Mısır’ı, Suriye’yi, Libya’yı, Yemen’i, insanlarıyla ve şehirleriyle harabeye çeviren Arap Baharı sadece Tunus’ta kazasız belasız yumuşak iniş yaptıysa bunu Gannuşi’nin liderliği mümkün kılmıştır.

Lüzumundan fazla mı uzlaşmacıydı?

Görebildiğim kadarıyla Gannuşi gerektiği kadar uzlaşmacıydı, fazla değil.

Ama Tunus’a yön verenler fazla faşist.

Gannuşi’nin Tunus’ta ne yaptığını ve nereye varmak istediğini müsait bir zamanda çalışırız.

Şu anda Gannuşi yalnız ve hapiste.

Bu entelektüel, romantik veya melankolik bir yalnızlık değil.

Keza bu yalnızlık Gannuşi’ye mahsus da değil.

Gannuşi’nin çizgisinde veya o çizgiye yakın olan herkes yalnız.

İslam dünyasında el-Kaide, Işid, Boko Haram ve saire gibi şiddet üreten örgütlerin varlığını biliyoruz.

Şiddet üretiyorlar ama daha çok Müslümanları öldürüyorlar.

Ufak tefek itikadi gerekçeler bulup kafalarına kurşun sıkıyorlar.

Bu örgütlerin düğmeleri batılıların elinde. İstedikleri zaman dozunu arttırıp azaltabiliyorlar.

Dünyadaki sistemi kimler işletiyorsa, bu örgütleri göstererek İslam’la terörün bağdaştırıldığı bir dil kuruyor.

O dili kullanarak, şiddete, teröre bulaşmayan, halk içinde az çok desteği olan nispeten sahih, alternatif olma potansiyeline sahip hareketleri tasfiye ediyor.

Gannuşi liderliğindeki Nadha bu hareketlerden biri.

İhvan-ı Müslimin de barışçı bir hareketti.
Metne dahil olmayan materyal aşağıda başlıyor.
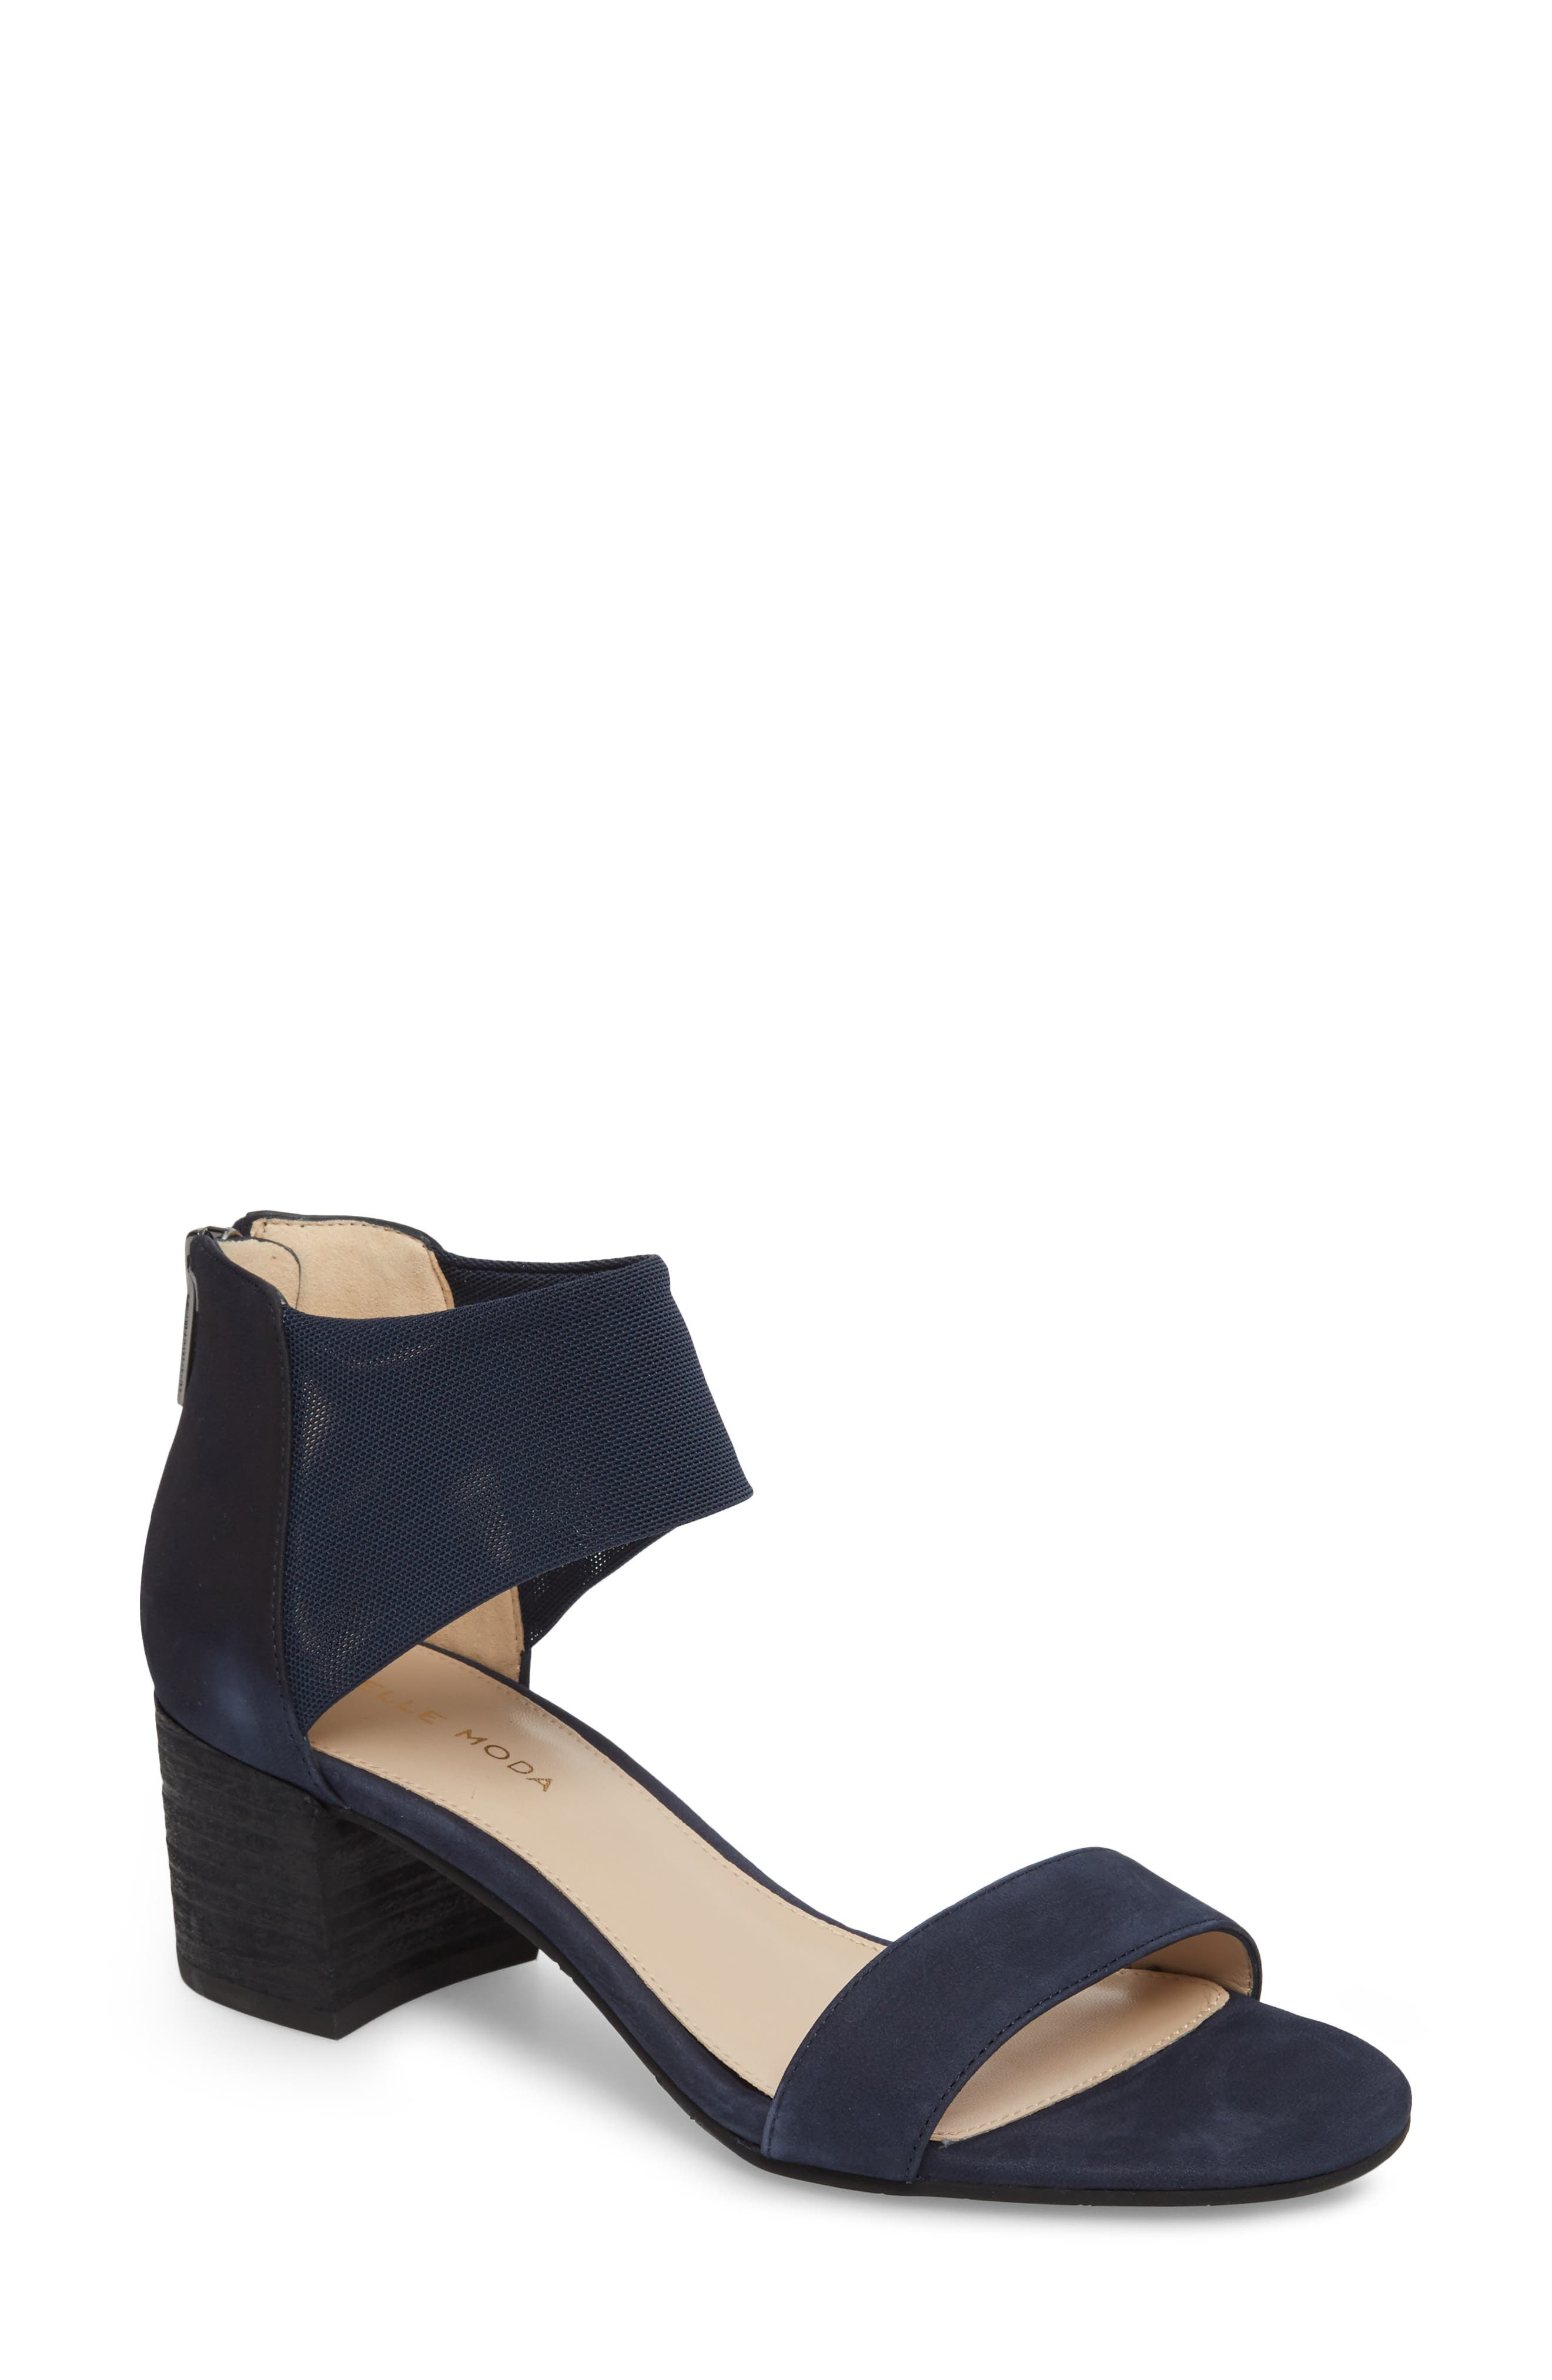 Alden Mesh Strap Sandal,                         Main,                         color, Midnight Nubuck Leather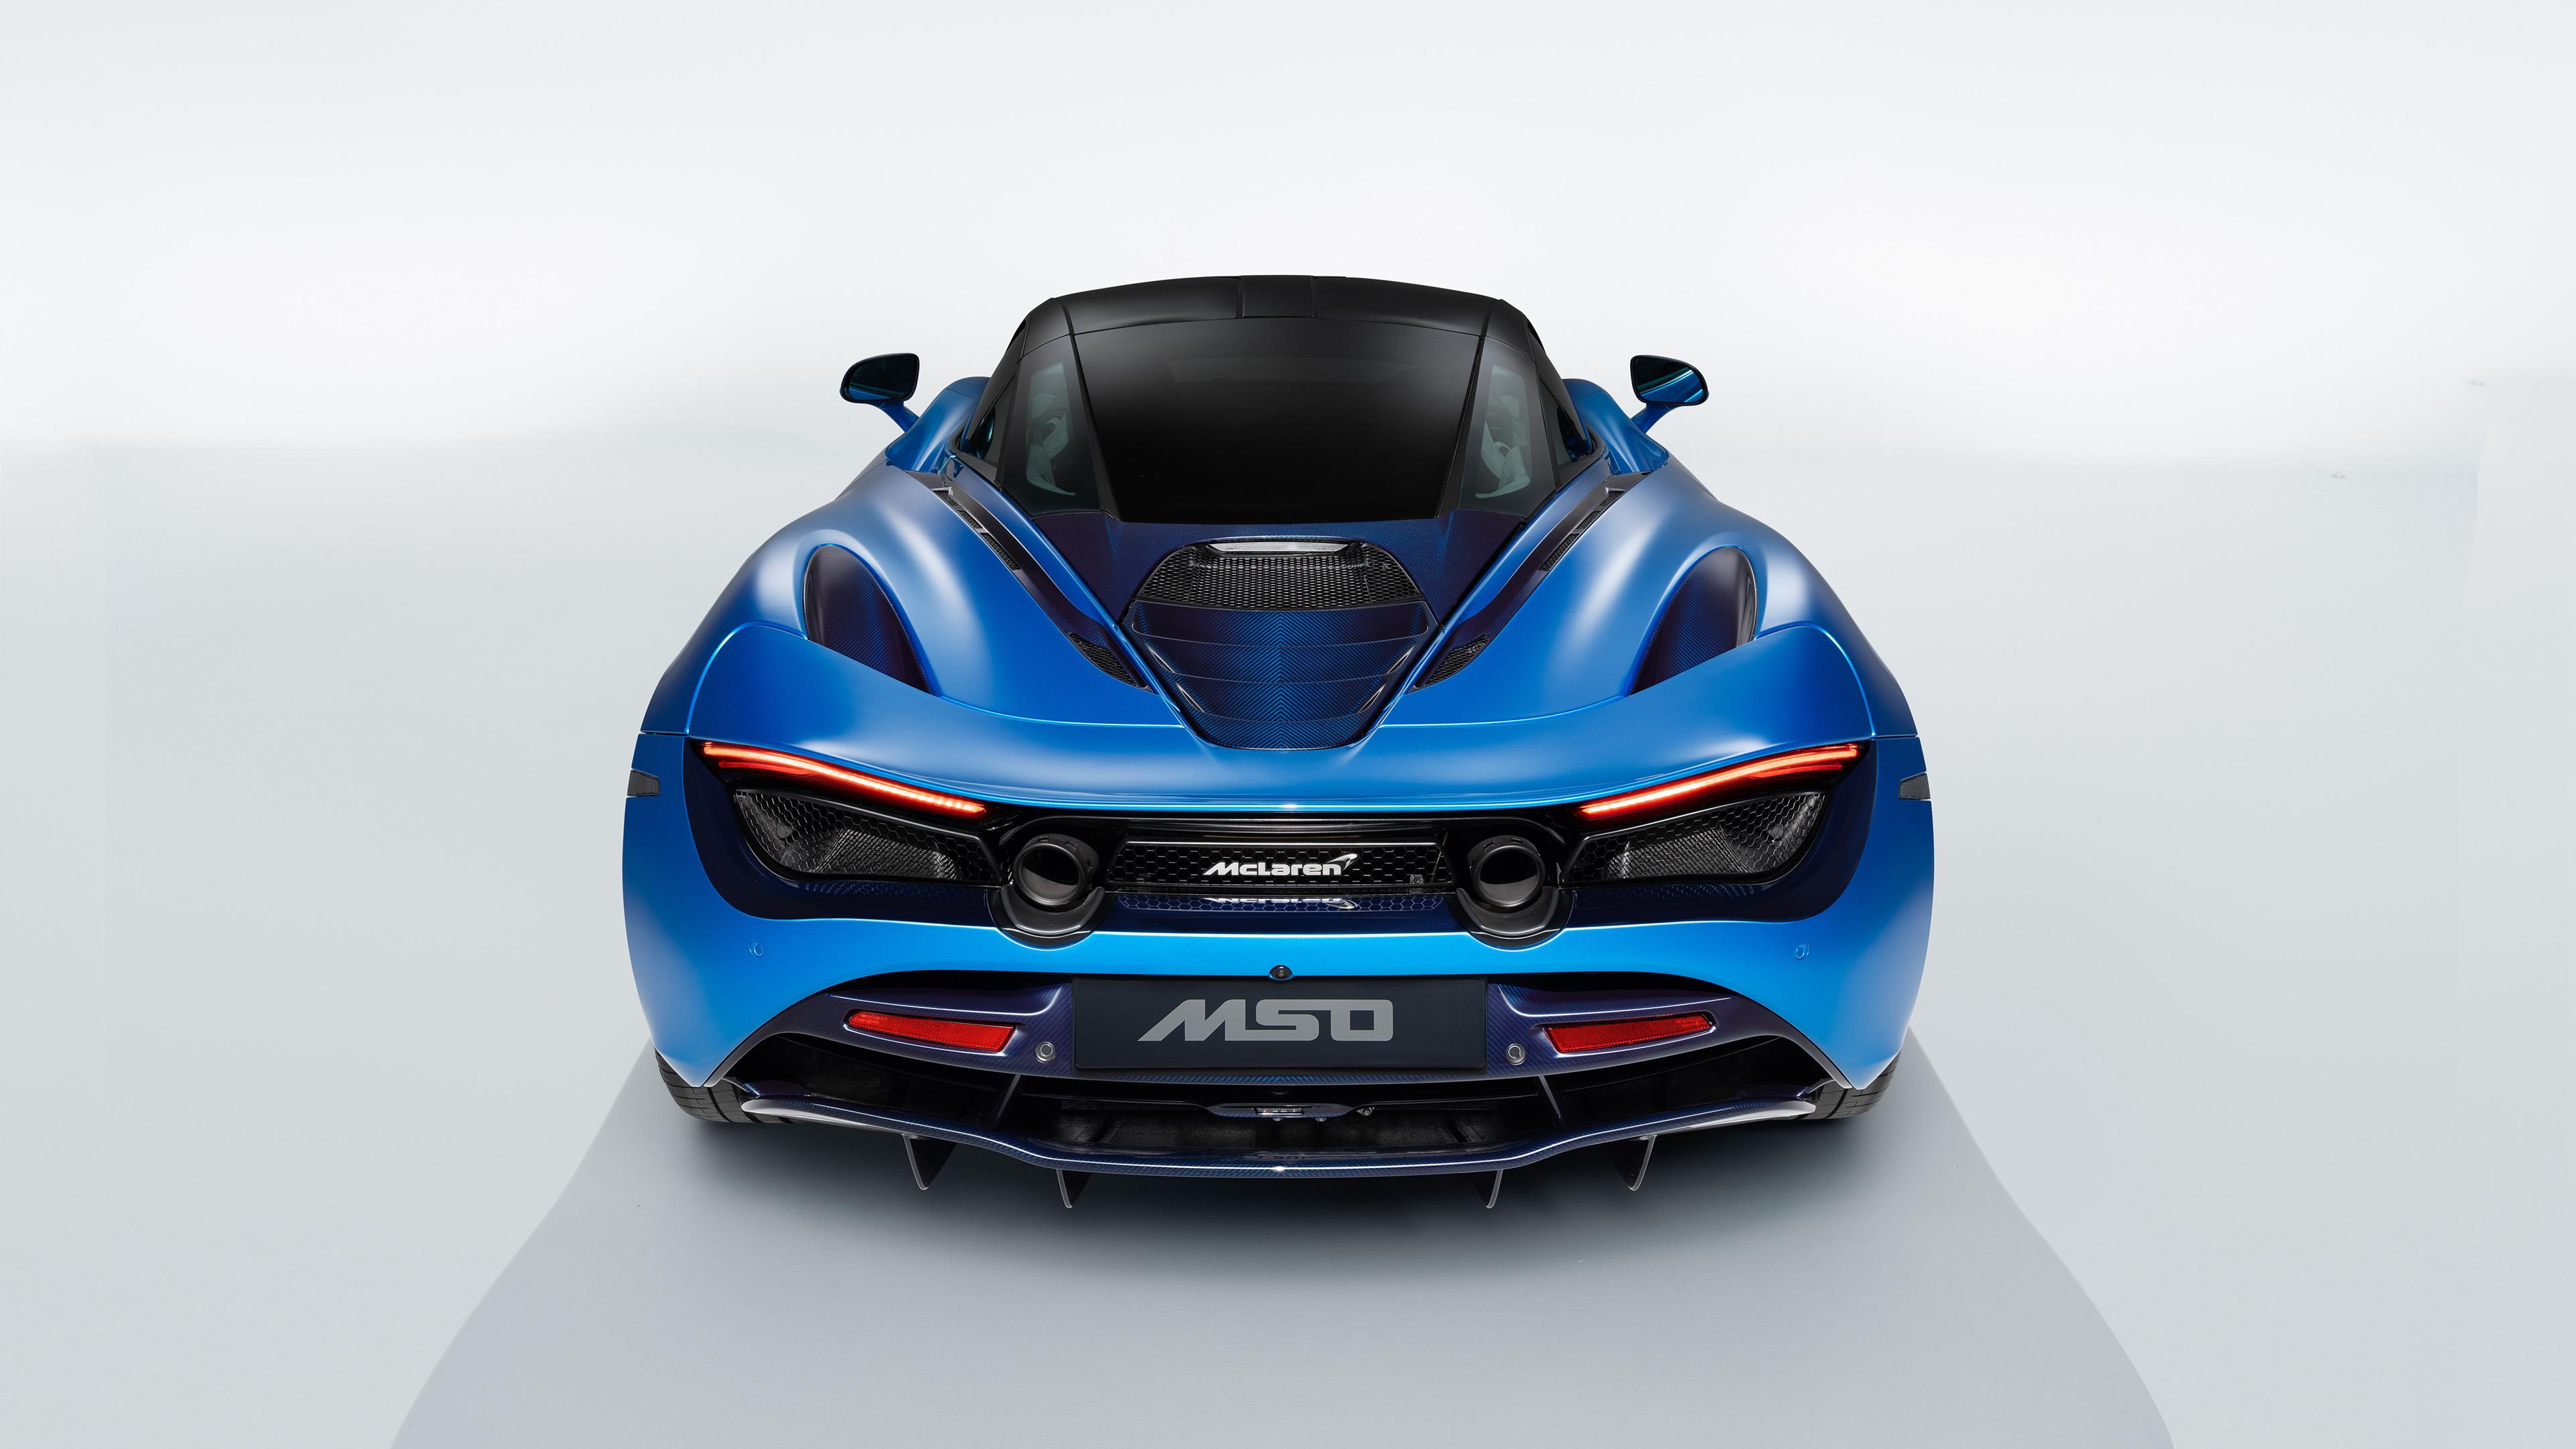 mclaren mso 720s pacific theme 2018 rear 1539113868 - McLaren MSO 720S Pacific Theme 2018 Rear - mclaren wallpapers, mclaren 720s wallpapers, hd-wallpapers, cars wallpapers, 4k-wallpapers, 2018 cars wallpapers

Teröre bulaşmamıştı.

Hatta devlet terörünün mağduru oldu.

Bu bir eğilim.

Hemen bütün İslam dünyasında, terörü göstererek terör olmayanı tasfiye ediyorlar.

Kim yapıyor bunu?

Bu sıralar Trump’ın etrafına topladığı tayfa yapıyor.